Anxiety and Depression in Later Life: What You Should Know

Anxiety and Depression in Later Life

It’s often assumed later life is all relaxation and free time—but the reality can be more complicated. For many older adults, anxiety and depression become unexpected companions during retirement. Whether brought on by health changes, loss, loneliness, or just the natural transitions of ageing, these mental health challenges are more common than we tend to talk about.

So how do you spot the signs? What can you do about it? And when is it time to ask for help?

It’s More Common Than You Might Think

While mental health awareness has improved over the years, older adults are still less likely to talk openly about how they’re feeling. Some grew up in an era where emotional struggles were brushed aside, or seen as a personal weakness rather than a health issue. Others may assume sadness or worry are just part of getting older.

But this isn’t true. Feeling anxious or depressed isn’t a normal part of ageing—and it’s certainly not something you just have to “put up with.” In fact, recognising the signs early can make a real difference.

According to the Mental Health Foundation, around one in five New Zealanders will experience some form of mood disorder in their lifetime, and the NZ Health Survey reports anxiety and depression contribute significantly to the country’s overall health burden. The number may be even higher among those who live alone, have ongoing health conditions, or are navigating big life changes like retirement or bereavement.

Spotting the Signs

Anxiety and depression can look different in older adults compared to younger people. You might not notice long crying spells or panic attacks. Instead, the signs can be subtle:

Common signs of depression in later life include:

  • Feeling flat, numb, or hopeless

  • Losing interest in hobbies or social activities

  • Sleeping too much—or not enough

  • Changes in appetite or weight

  • Feeling tired all the time

  • Struggling to concentrate or remember things

Signs of anxiety might include:

  • Constant worrying or nervousness

  • Feeling restless or on edge

  • Muscle tension, headaches, or digestive issues

  • Avoiding certain places or activities out of fear

  • A racing heart or shallow breathing, especially in new or uncertain situations

Sometimes these feelings come on gradually, which makes them easy to overlook—or to blame on “just getting older.” But if your emotional health has changed and it’s affecting your day-to-day life, it’s worth looking closer.

What Causes It?

Later life can bring its own unique set of stressors. Some of the most common triggers for anxiety or depression include:

  • The death of a spouse or close friend

  • Major life changes, such as retiring or moving house

  • Long-term physical health conditions

  • Chronic pain or reduced mobility

  • Social isolation or loneliness

  • Worries about finances, health, or the future

In many cases, it’s a combination of things. And sometimes, there’s no obvious cause at all—which can be just as upsetting.

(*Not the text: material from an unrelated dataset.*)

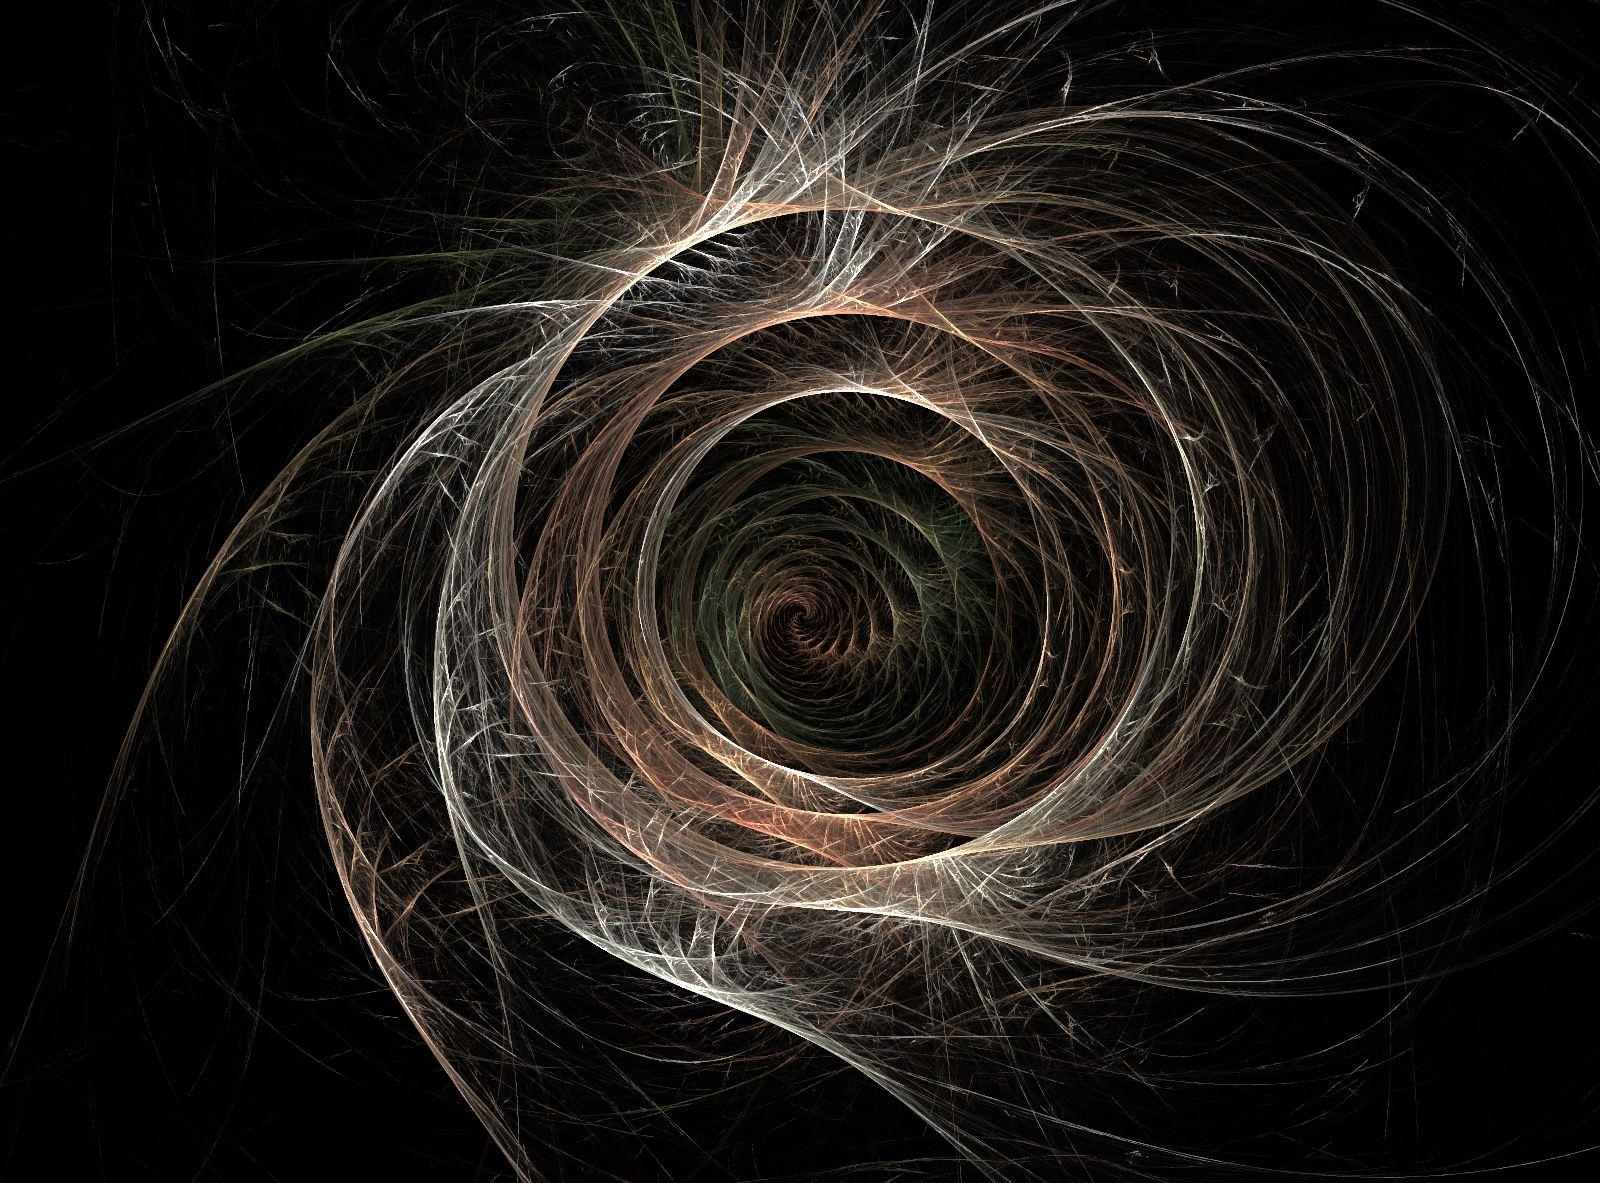 ^6AECBE38EA35473C84F576E9BBAC810E6DECAF9282F22E080F^pimgpsh_fullsize_distr-.jpg, σπείρα σύμπαν,

The Good News? Help Is Available

The most important thing to know is help is out there, and it works. You don’t have to navigate this alone.

Start by talking to your GP. They can check for underlying medical conditions, refer you to a mental health professional, or talk you through options like counselling, medication, or community support groups.

For some people, talk therapy is extremely helpful—especially when it’s tailored to later life concerns. Cognitive Behavioural Therapy (CBT), for instance, can help you manage negative thought patterns and find practical coping strategies.

Others find group therapy or peer support groups helpful, where you can connect with others who understand what you’re going through. In New Zealand, services like Age Concern, Lifeline, and 1737 Need to Talk? offer free support and resources.

Small Steps That Make a Big Difference

There are also simple things you can do at home to help lift your mood or ease anxious feelings:

  • Stay connected – Reach out to friends, family, or community groups. Even a regular phone call can make a big difference.

  • Move your body – Gentle daily movement, such as walking, gardening, or stretching, can boost mood and ease tension.

  • Stick to a routine – Keeping a regular sleep and meal schedule can provide structure and stability.

  • Practice mindfulness – Deep breathing, meditation, or simply taking a few moments each day to pause and notice your surroundings can help calm the mind.

  • Do things you enjoy – Read, knit, paint, listen to music—whatever brings you joy.

If you’re struggling, you’re not alone—and it’s not your fault. Anxiety and depression are real health conditions, not personal failings. With the right support, many people find real relief and even discover a renewed sense of purpose in later life.

Asking for help is a strength, not a weakness. So if something feels off, take that first step. Your mental wellbeing is every bit as important as your physical health—and you deserve to feel good, at every age.